About three weeks after that conversation, McClatchy submitted faxed and e-mailed questions to Shen asking for the company’s reaction to a series of allegations by former Puxin residents. He didn’t reply. Questions also were faxed to the township and district governments that signed off on ThaiHot Mansion. Neither responded with answers to the queries.
Given the Communist Party’s desires to tamp down exhibitions of the gilded classes and officials’ attempts to rein in property markets, Taihe’s initial eagerness to talk about expensive villas just before the party congress seemed strangely timed.
Taihe’s home province of Fujian was from 1985 to 2002 the setting of much of the political career of Xi Jinping, the man who’s expected to be China’s next president. Those on the firm’s board are influential in the area, including a member who served in Fujian’s provincial leadership with Xi. The chairman and president, Huang Qisen, is worth hundreds of millions of dollars, according to holdings listed in corporate documents, and Xi presumably would have at least been aware of him in Fujian.
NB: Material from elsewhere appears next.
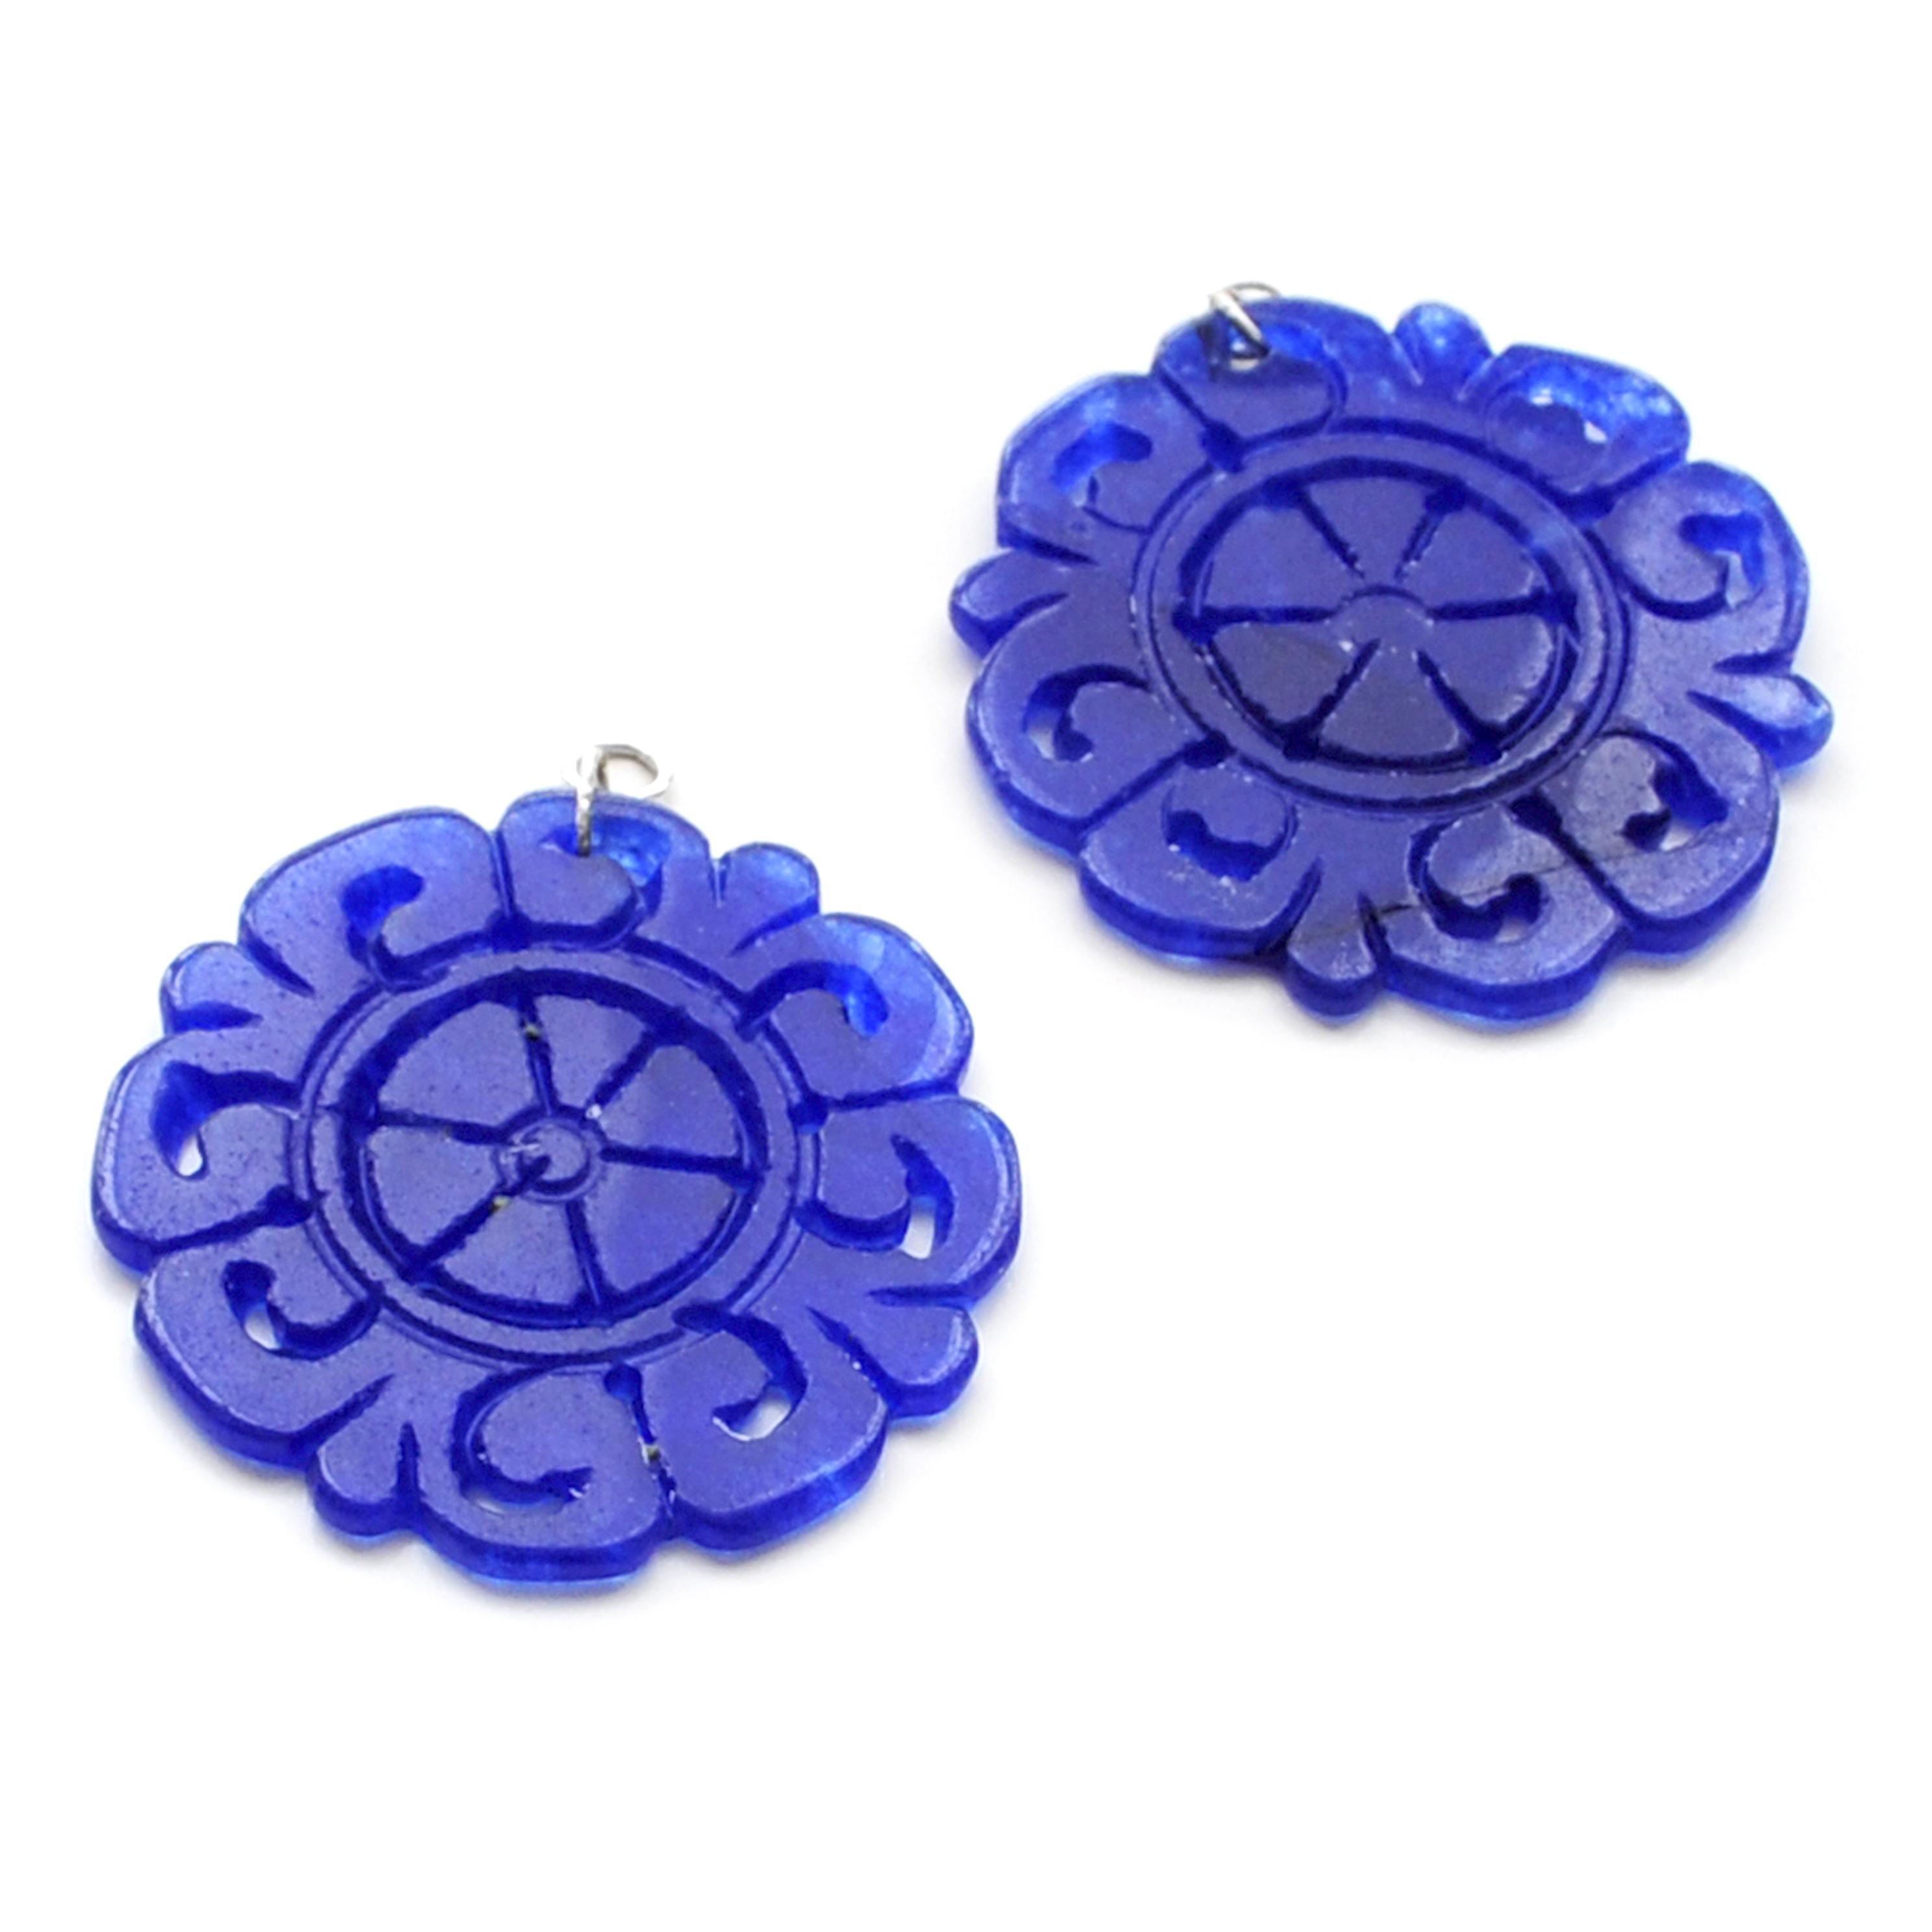 joyeria-true-love-perillas-redondas-jade-azul

But there’s no evidence that the company enjoys special treatment from Xi or his allies.
COMPLAINTS DRAW A WARNING
A group of former Puxin villagers has filed complaints at the township and district levels for the past few years, and has sent letters to Beijing seeking answers, but gotten nowhere.
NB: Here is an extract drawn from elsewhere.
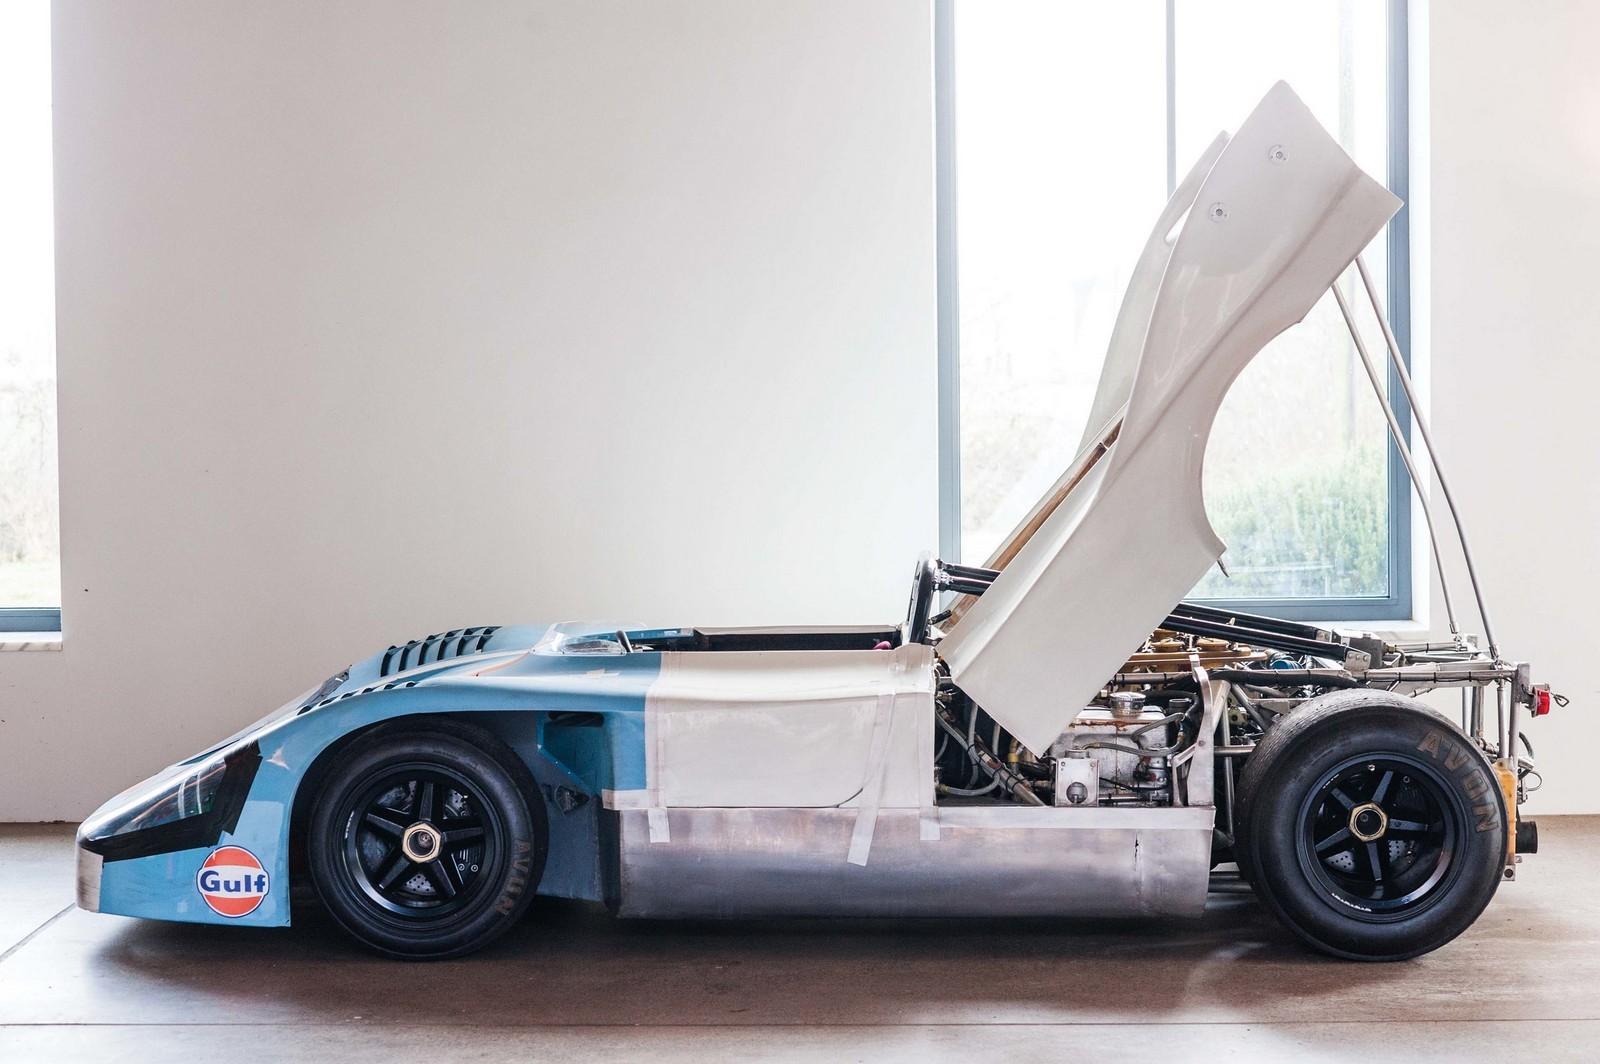 Prototipo Porsche 917/10 Spyder

“We went to the petitions office many times,” said a 61-year-old woman surnamed Wu, who asked that her full name not be used for fear of official retaliation. “When people petition at the county they’re detained; when people petition at the township they’re detained.”
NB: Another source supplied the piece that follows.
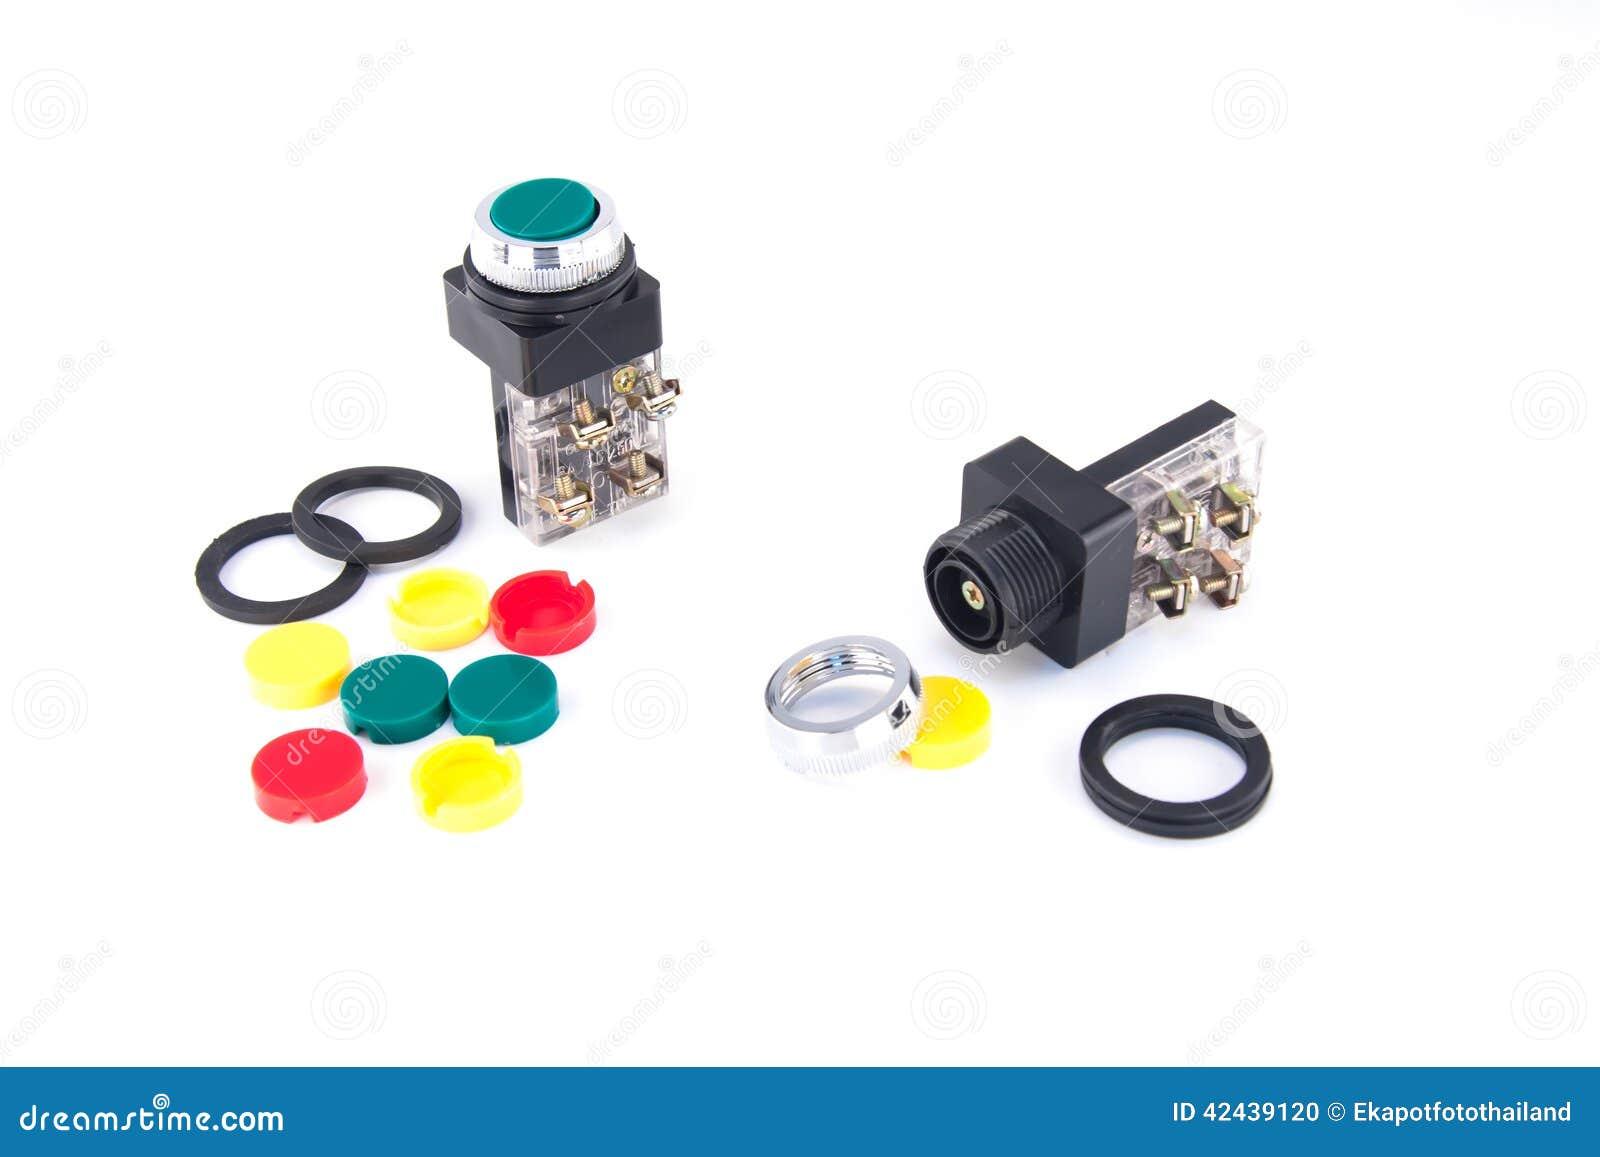 Interruptor de la luz experimental

From 2007 to 2010, Guo Lu and his 40-year-old son, Guo Yongshun, became embroiled in a series of lawsuits that involved Taihe and various government land bureaus. Their subsequent suits and appeals stretching to 2010 were unsuccessful.
“It cannot be said that I was surprised” by the failure, said the family’s lawyer, Liu Yajun, who’s been quoted about land-use controversies in the past by Chinese state media. “Why not? Because regarding illegal dealings like this with land and the attitude of the court . . . this is not the only case like this.”
During a recent conversation at the apartments, Guo Yongshun said it was made clear to him in 2010 that someone wanted the family to end the litigation. A passenger in the cab that Guo drives for a living directed him to a desolate spot in east Beijing, where three men with metal rods were waiting, he said. They beat out every window in the car. At the end of it, one of the men pointed a rod at him and said, “Sue again,” presumably meaning that Guo would see what happened if he did.
Guo Yongshun said he didn’t see much reason to talk about what had happened or why. All it has brought so far is trouble, he said.
As he spoke, his father got up occasionally to walk around. The step-slide of his crippled leg echoed through the room.
“They have the luxury villas there,” Guo Yongshun said. “And we are living in buildings that are like slums.”